A retomada democrática irá ocorrer com o compromisso das mulheres negras que têm construído estratégias de resistência ao avanço da extrema direita junto às bases e na política institucional.
Em 2024, se realiza mais um ciclo de eleições municipais no Brasil. E dessa vez há um fato curioso na conjuntura internacional: este será um “super ano” eleitoral, com pelo menos 60 países indo às urnas para decidir os rumos das democracias ao redor do planeta. Nesse sentido, vale dizer que o cenário não é dos mais animadores: a conjuntura política internacional apresenta algumas vitórias, mas gera preocupação profunda dados os avanços da extrema direita na Europa e nos Estados Unidos – que historicamente têm grande influência sobre o contexto brasileiro.
Os resultados das eleições para o Parlamento Europeu, realizadas em junho de 2024, foram marcadas pela vitória de líderes nacionalistas, conservadores e linha-dura – ainda que grupos políticos de centro tenham sustentado seu poder de influência com um número significativo de cadeiras. Mesmo com um resultado aquém do esperado, a extrema direita consolidou seu avanço e marcou posição nesse espaço.
Na França, a ascensão do grupo ultranacionalista francês Reagrupamento Nacional (RN), de Marine Le Pen, demonstra fragilidades do campo progressista em fazer frente à popularidade de agendas anti-imigratórias, xenófobas e populistas.
A partir da mobilização das juventudes, as eleições à Assembleia Nacional do país deram vitória à esquerda, fechando o caminho para que a extrema direita no parlamento pudesse apontar o novo primeiro-ministro do país – mas não foram capazes de minar seu poder, cada vez mais crescente entre mulheres e junto a populações vulnerabilizadas socioeconomicamente.
Na Alemanha – que arrebatou o maior número de cadeiras no Parlamento Europeu – viu a extrema direita se fortalecer no país e na região. O partido Alternativa para a Alemanha (AfD) foi fundado em 2013 e foi se radicalizando a partir de discursos xenófobos graves e de relativização – e até reprodução – de premissas nazistas.
Finalmente, é importante destacar a disputa feita pela Hungria, a partir do protagonismo de Viktor Orbán, dentro do Parlamento Europeu. Orbán foi primeiro-ministro nos últimos 15 anos e se consolidou como um articulador influente da extrema direita na Europa e no mundo – a partir de alianças com o ex-presidente Jair Bolsonaro, o presidente russo Vladimir Putin e o ex-presidente dos EUA Donald Trump.

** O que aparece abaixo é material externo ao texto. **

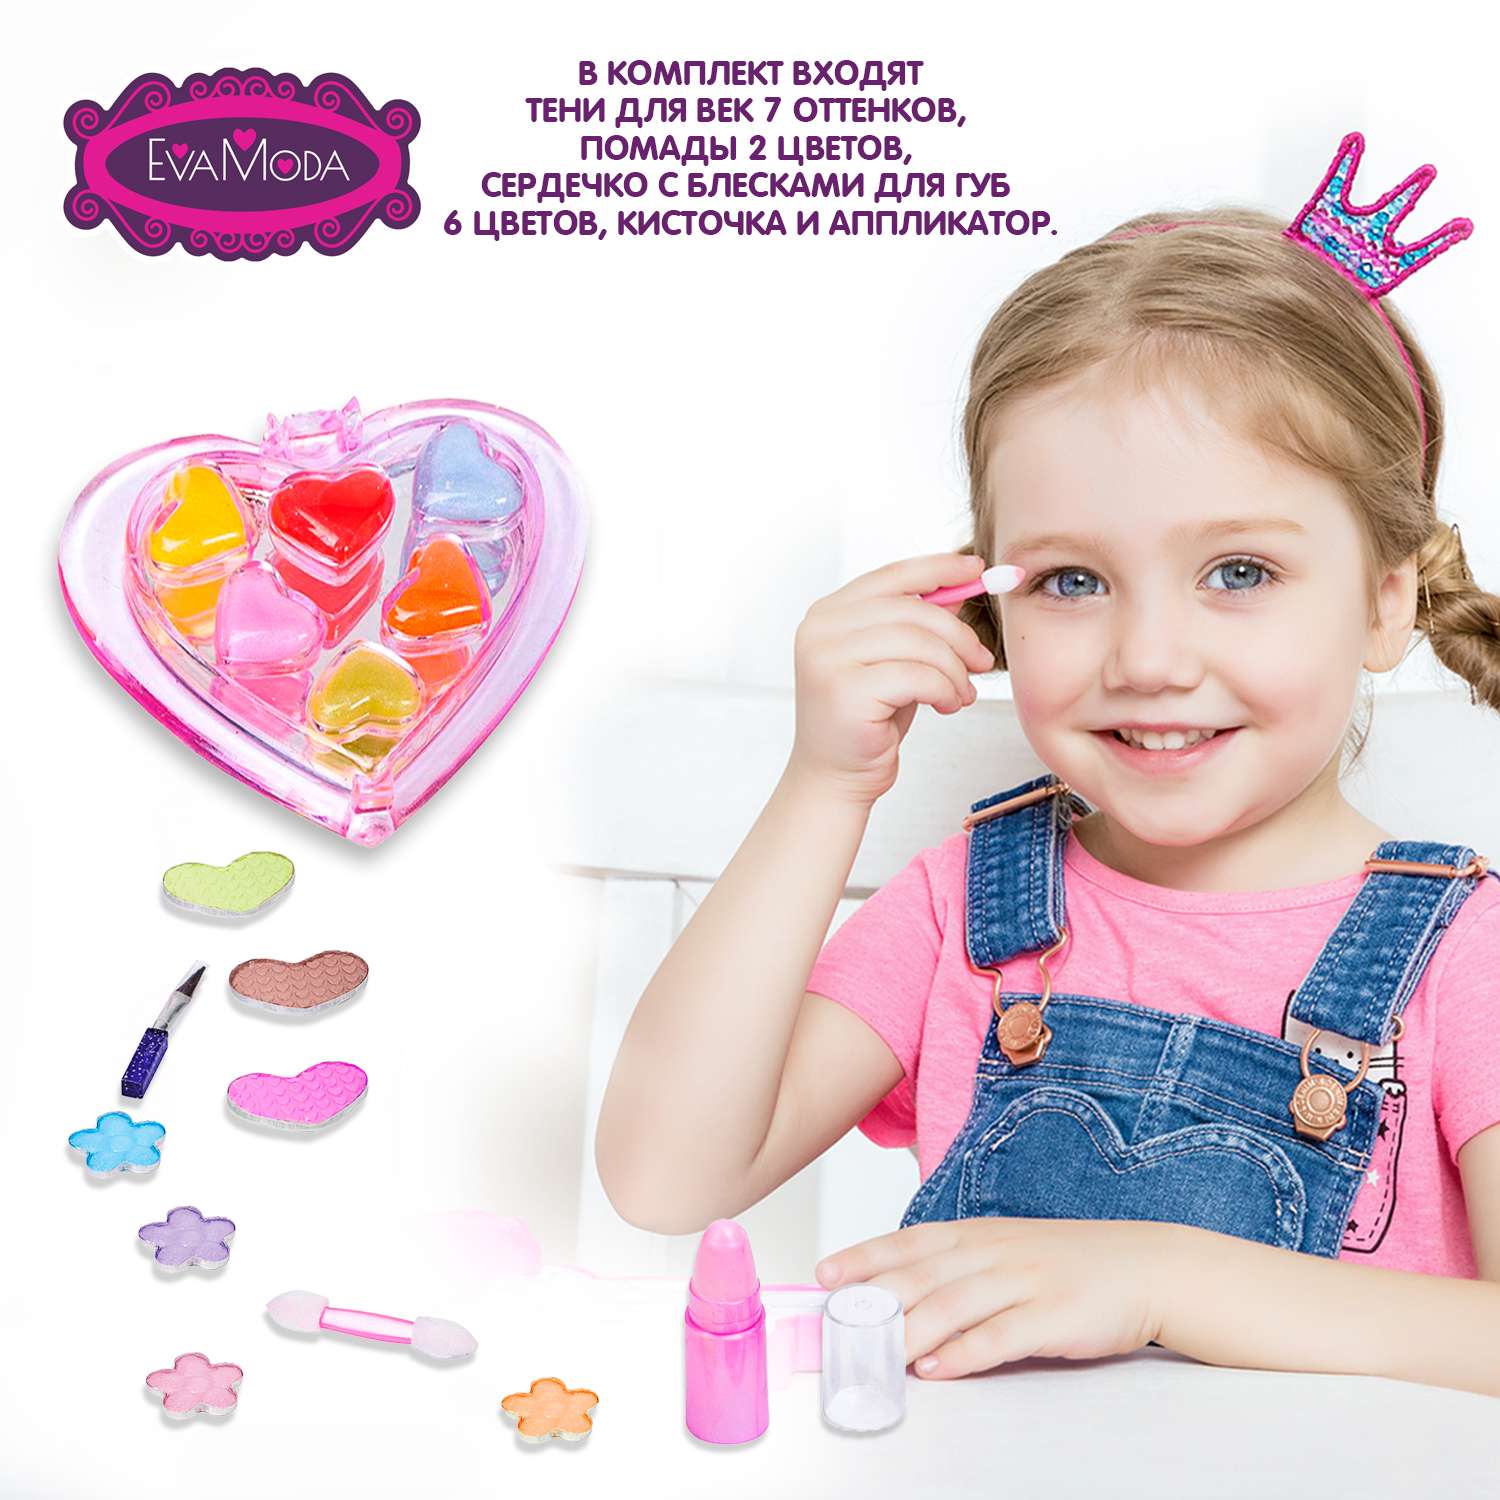 Детская декоративная косметика BONDIBON серия Eva Moda Прямоугольный кейс - фото 3
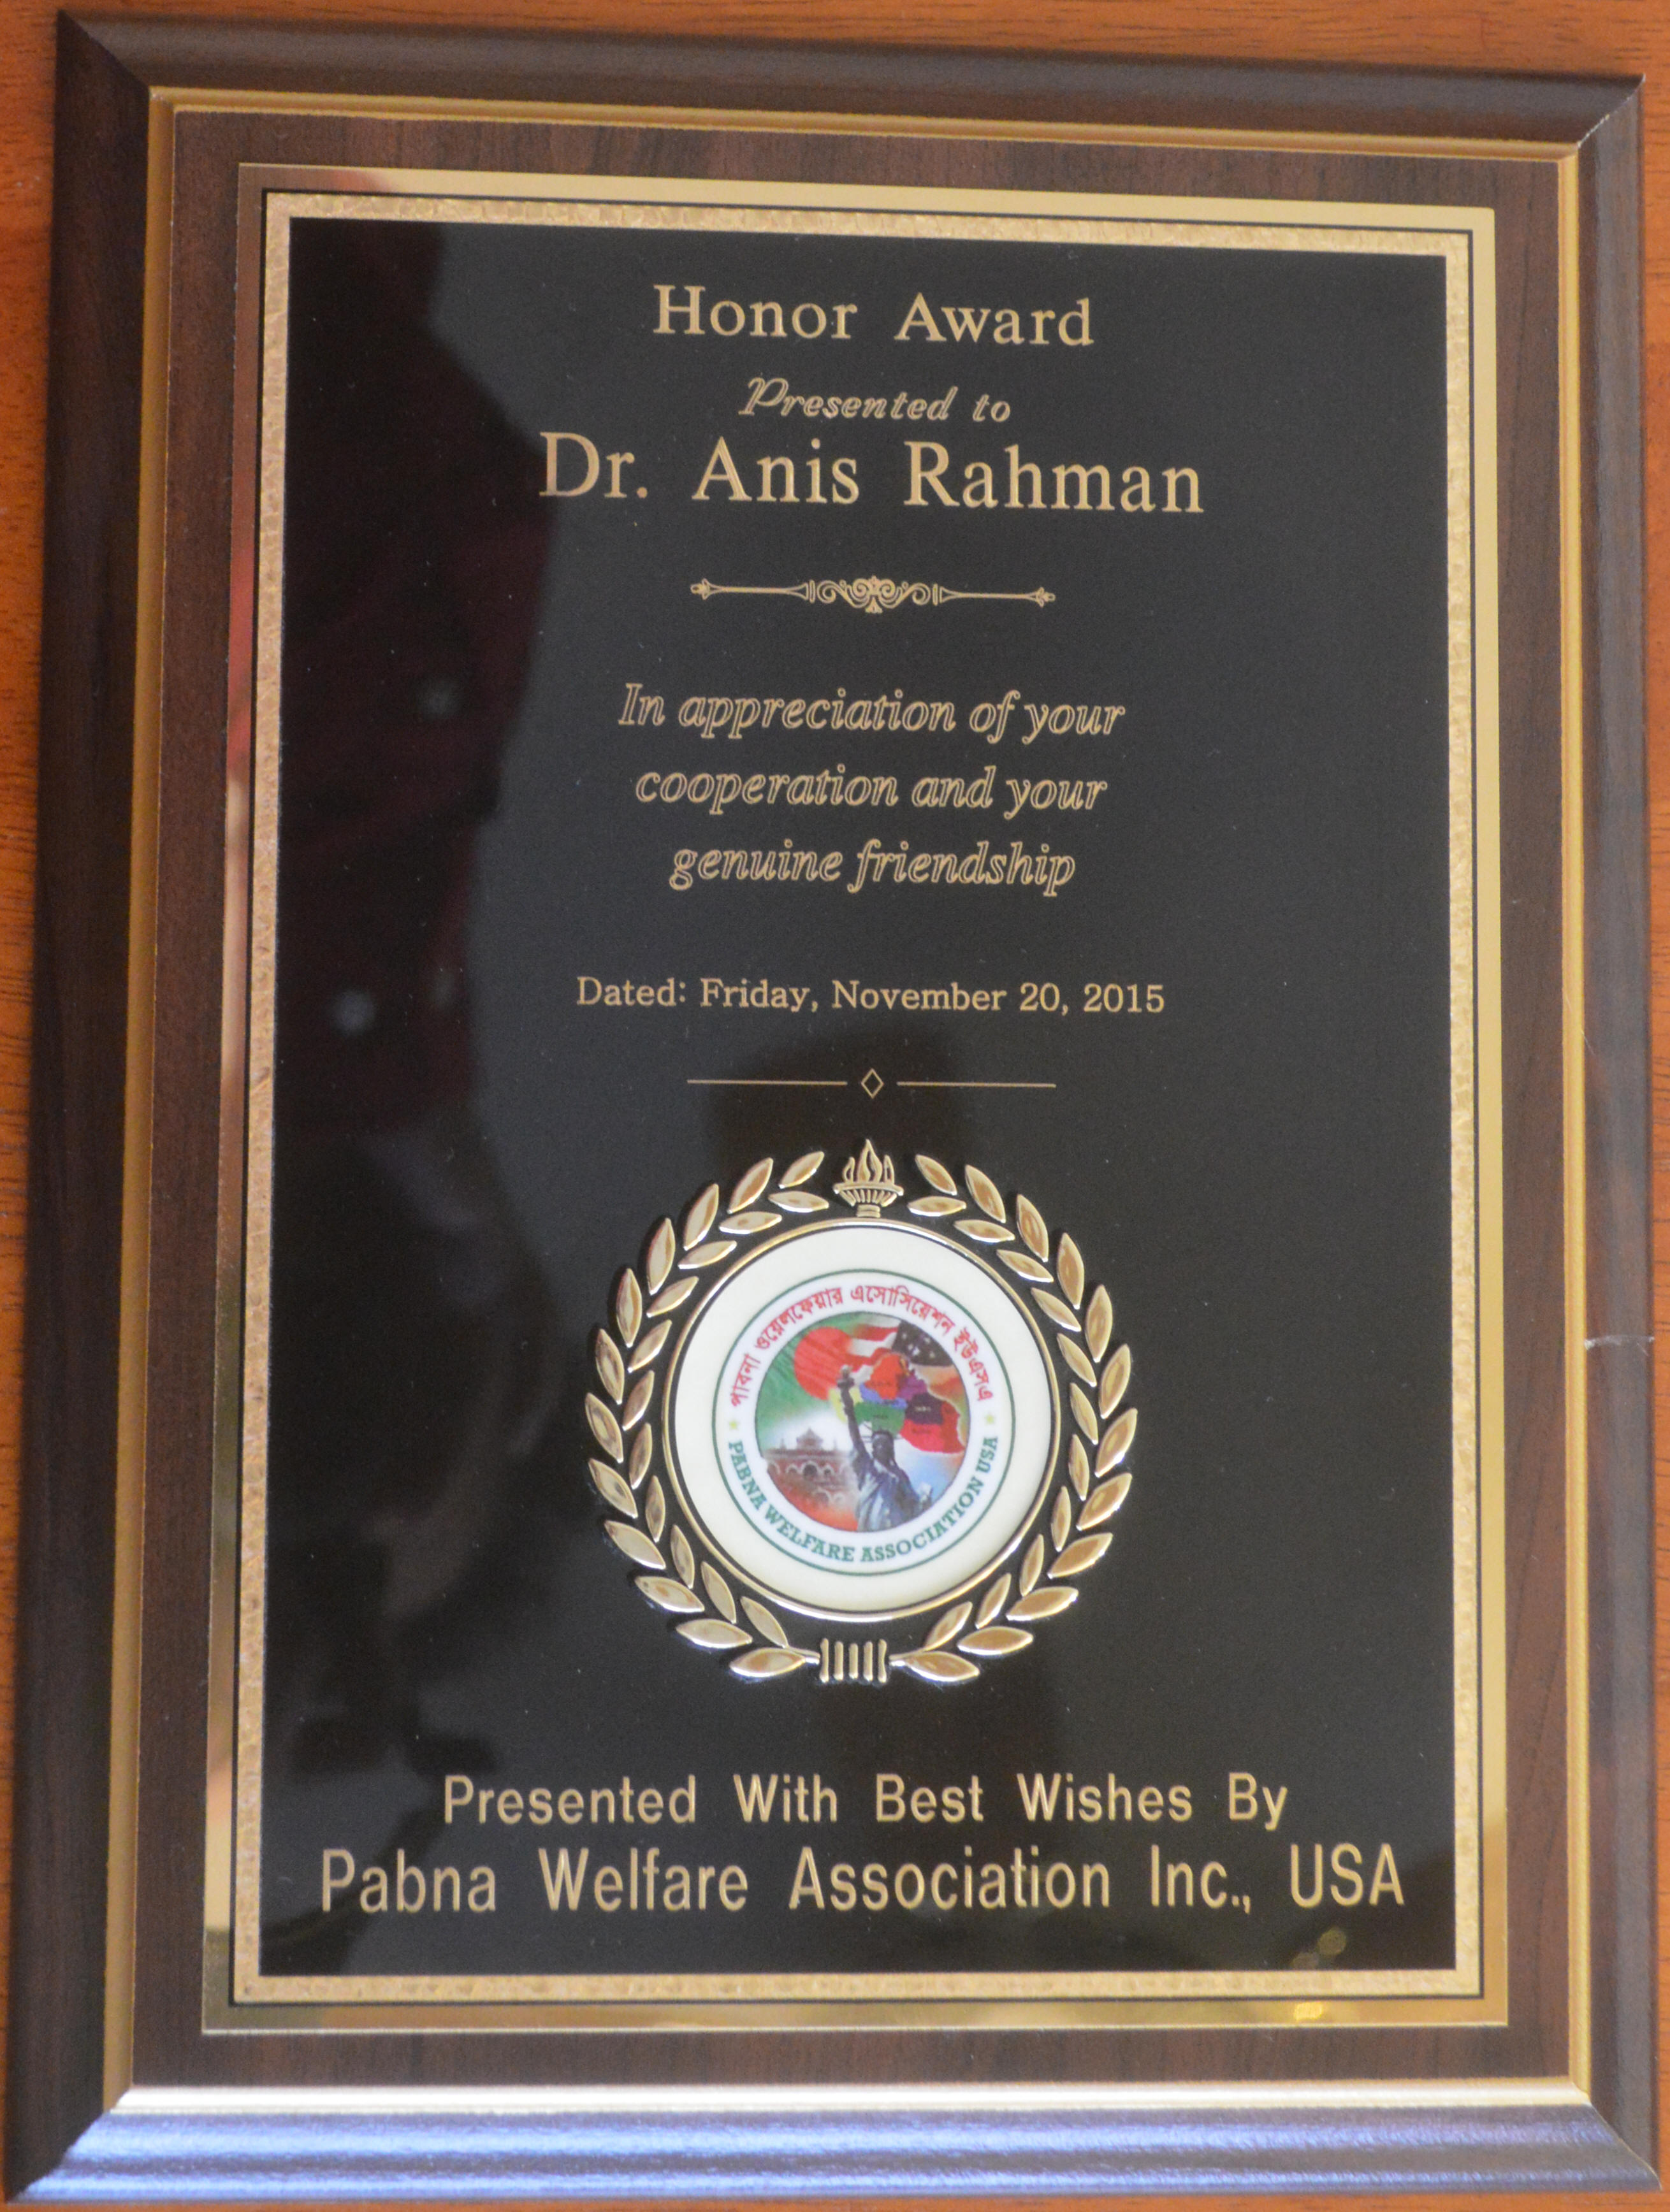 Honor Award from Pabna Welfare Association, NY

É alvo de críticas por parte da comunidade internacional sobre os seus padrões antidemocráticos (incluindo repressão a instituições educativas, organizações da sociedade civil e meios de comunicação) e de negação sistemática aos direitos das minorias (particularmente das comunidades migrantes e LGBTQIA+).
Como seguimento dos resultados das eleições para o Parlamento Europeu, Orbán conseguiu mobilizar um número suficiente de partidos para a criação do que pode ser o terceiro maior grupo parlamentar europeu, nomeado “Patriotas pela Europa”.
Já nos Estados Unidos, com desistência de Biden à corrida eleitoral, Kamala Harris – mulher negra de origem imigrante – é apontada por ele como a alternativa possível dos democratas para derrotar Trump. Ainda que a convenção que definirá o novo nome dos democratas para a disputa eleitoral seja só em agosto, a indicação de Harris por Biden já reverberou positivamente dentro do partido e na opinião pública.
Trump ainda lidera as pesquisas de intenção de voto em estados-chave e tem avançado para conquistar uma parcela significativa dos eleitores negros — percentagem que alcança o nível mais alto de apoio dos negros a qualquer candidato presidencial republicano desde a promulgação da Lei dos Direitos Civis de 1964.
Por isso, é possível que o investimento dos republicanos na conquista da base eleitoral que levou Biden à vitória quatro anos atrás possa passar a encontrar obstáculos com a guinada de Harris nessa corrida.
A possibilidade da candidatura de Kamala Harris à presidência pode ser a resposta para a retomada da confiança do eleitorado e é uma oportunidade histórica para que pela primeira vez uma mulher negra chefie a Casa Branca.